A morphism of locales $f:X\to Y$ is called open, if the associated morphism of frames $f^*:\mathcal{O}(Y)\to\mathcal{O}(X)$ has a monotone left adjoint $f_!$ which satisfies the Frobenius condition $f_!(U)\wedge V\leq f_!(U\wedge f^*(V))$ for all $U\in\mathcal{O}(X)$ and $V\in\mathcal{O}(Y)$.

It is easy to see that every continuous $f$ that is open in the topological sense is also open in the localic sense, but the converse is false in general.

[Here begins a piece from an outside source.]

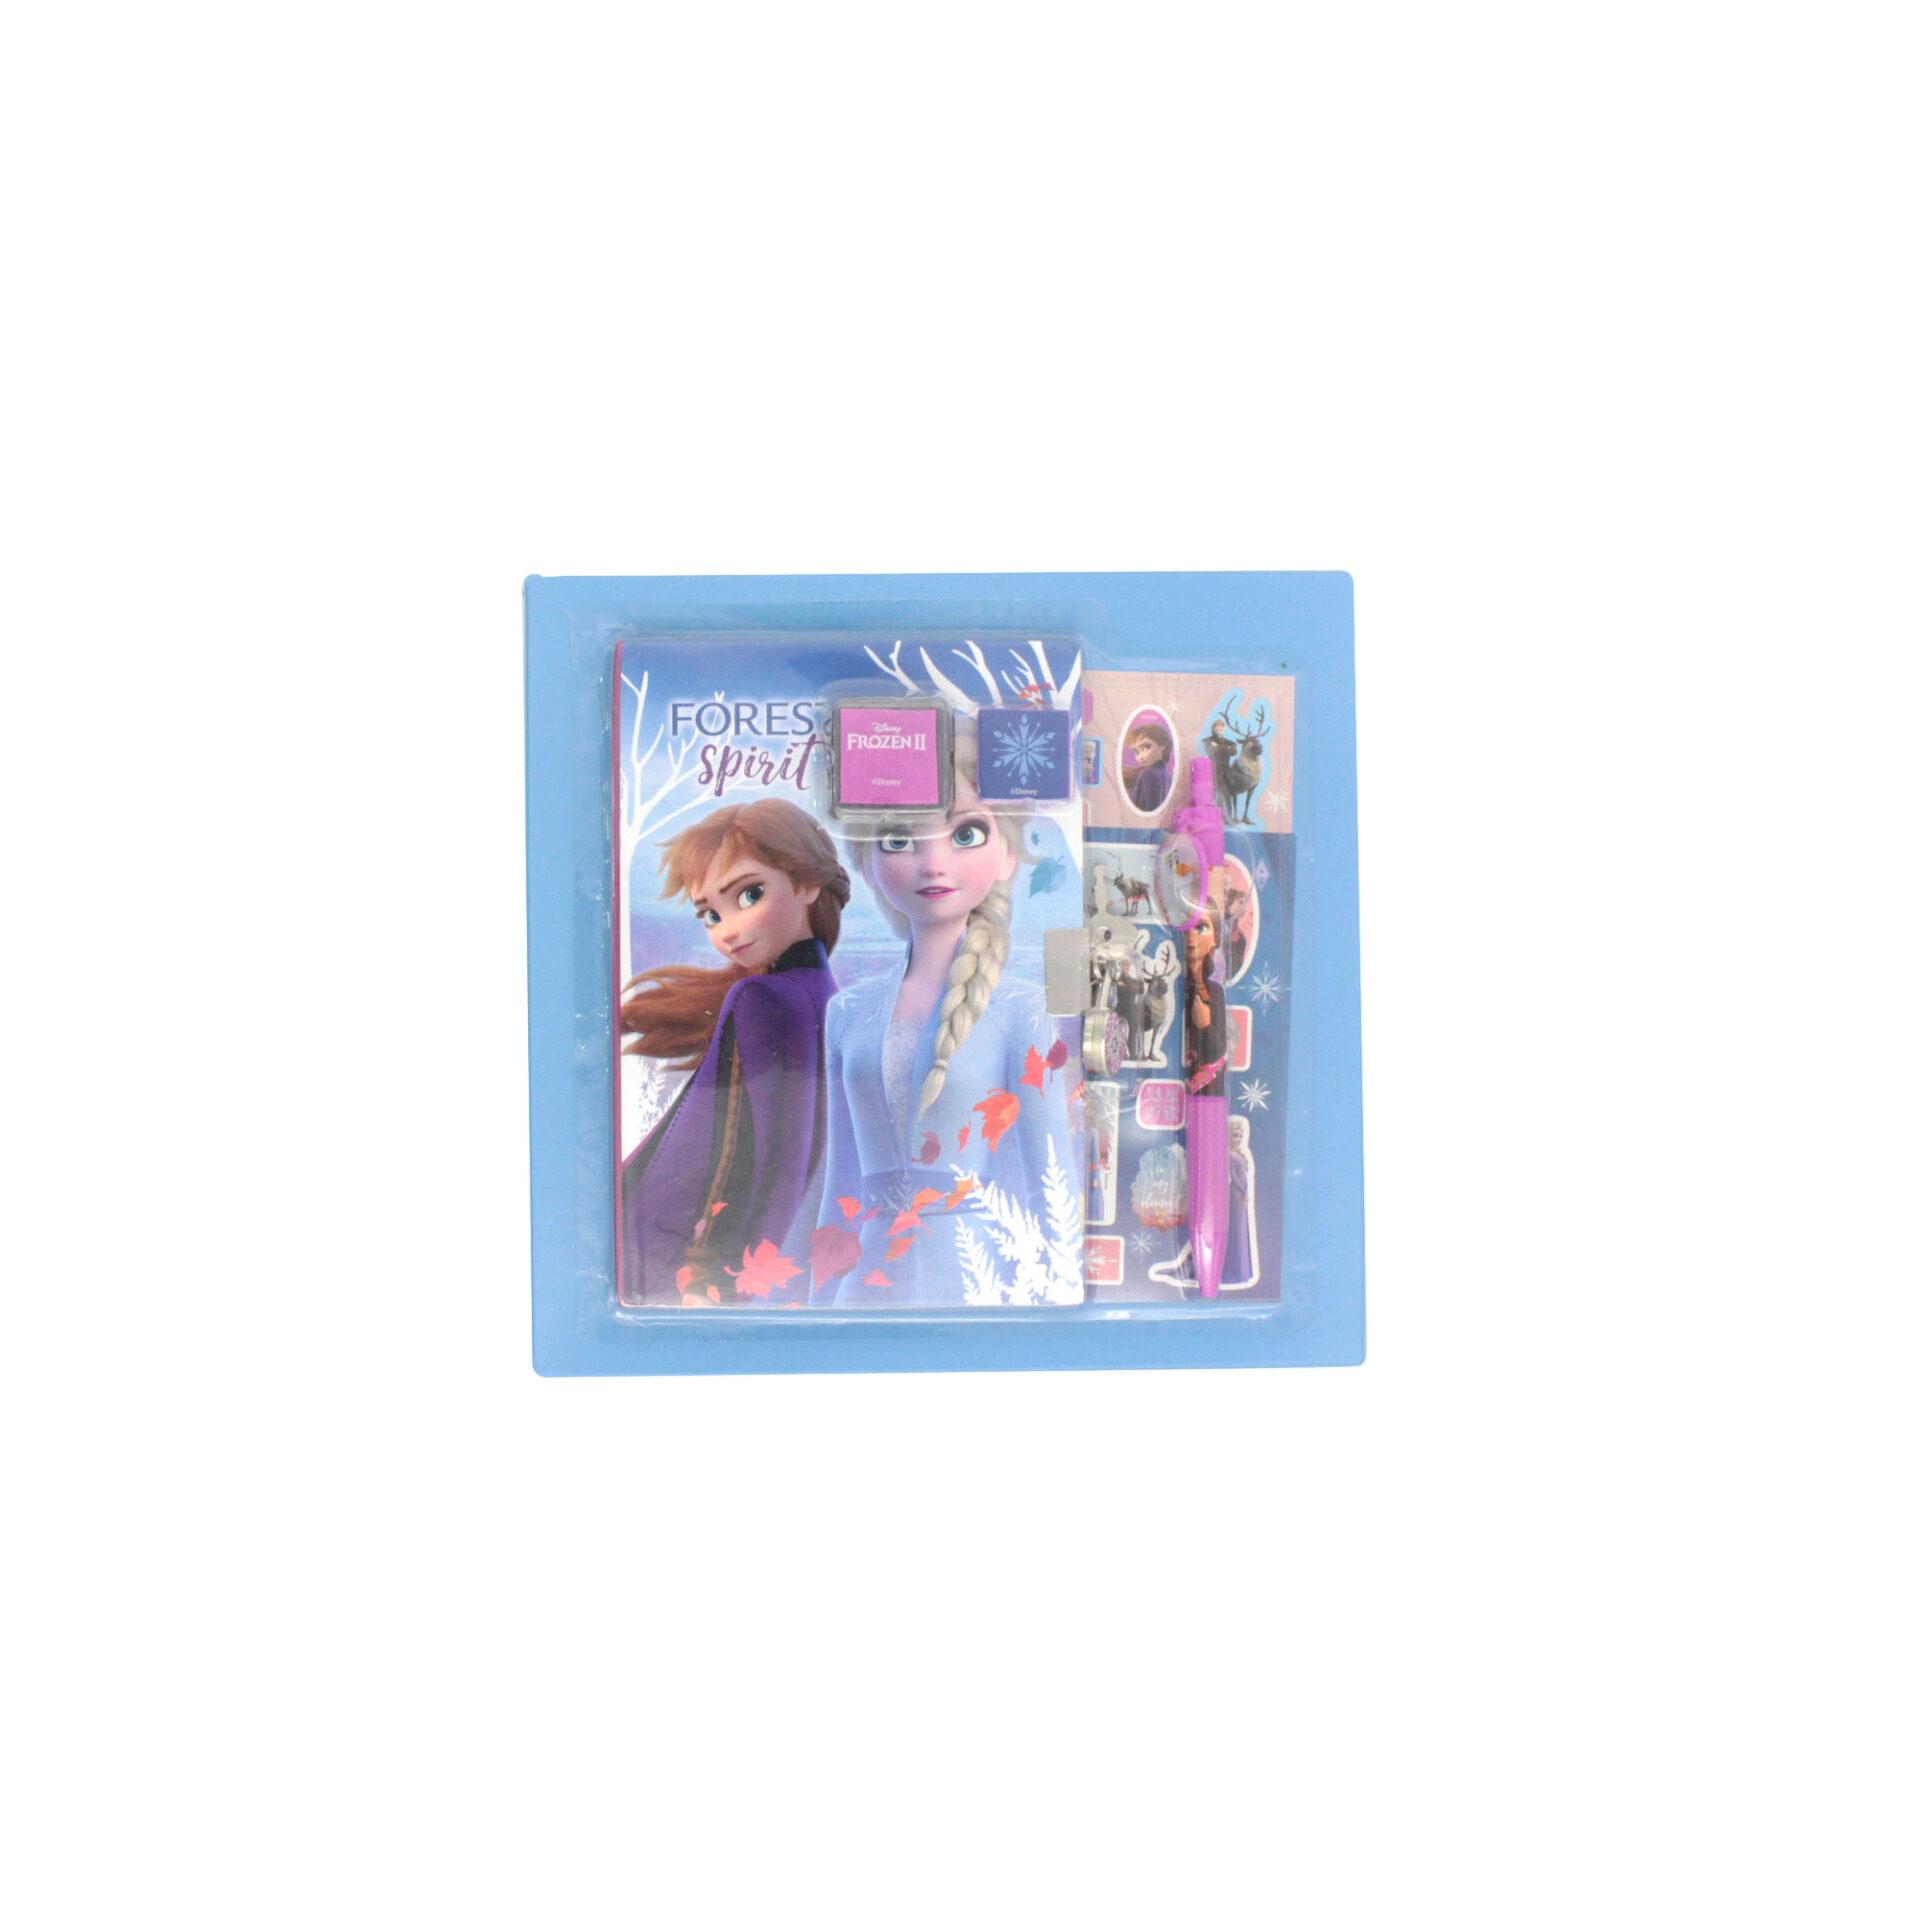 Disney Frozen 2 Princess Elsa & Anna Secret Diary Set With Lock & 2 Keys, Pen, Stamp Pad, Stamper & 2 Sticker Sheets For Girls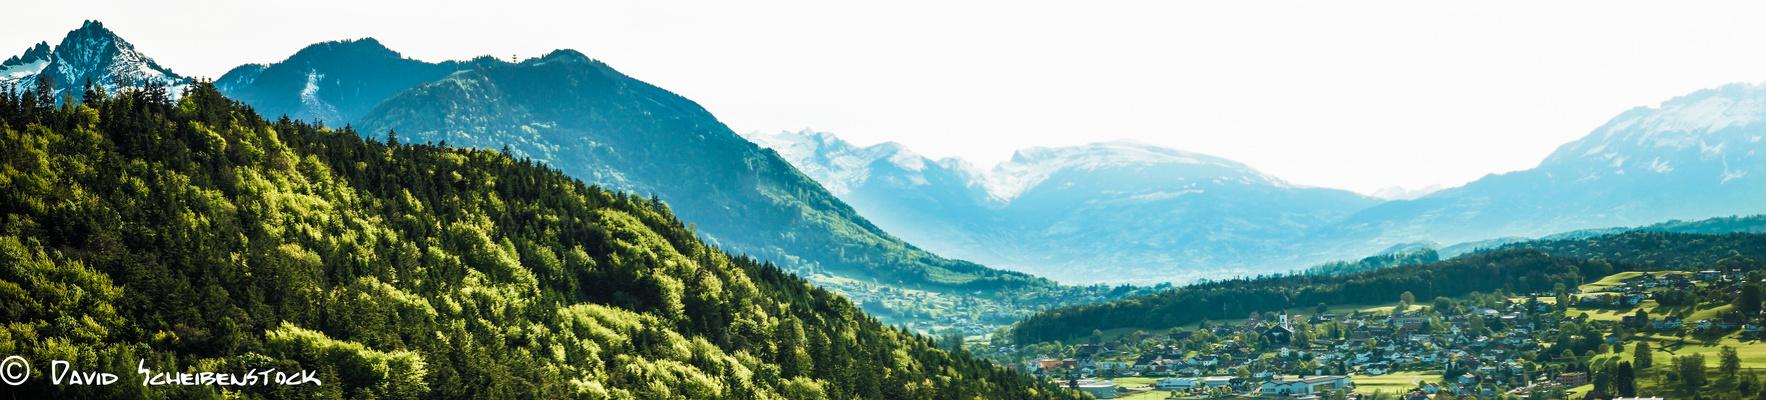 vorarlberg berg berg

For example, the maps $1\to\nabla(2)$ and $\mathsf{cofin}(\mathbb{N})\to\mathsf{sobrify}(\mathsf{cofin}(\mathbb{N}))$ are open in the localic, but not in the topological sense, since they're not surjective, but the induced locale-morphisms are iso.

These two examples involve non-sober spaces, so the natural thing to ask is: Do the two notions coincide for sober spaces? Or more generally, does the canonical functor from locales to spaces preserve open maps?

Or are there other criteria for when the two notions coincide? For example, I think I have convinced myself that continuous maps that are open in the localic sense are open in the topological sense whenever the codomain is $T_1$.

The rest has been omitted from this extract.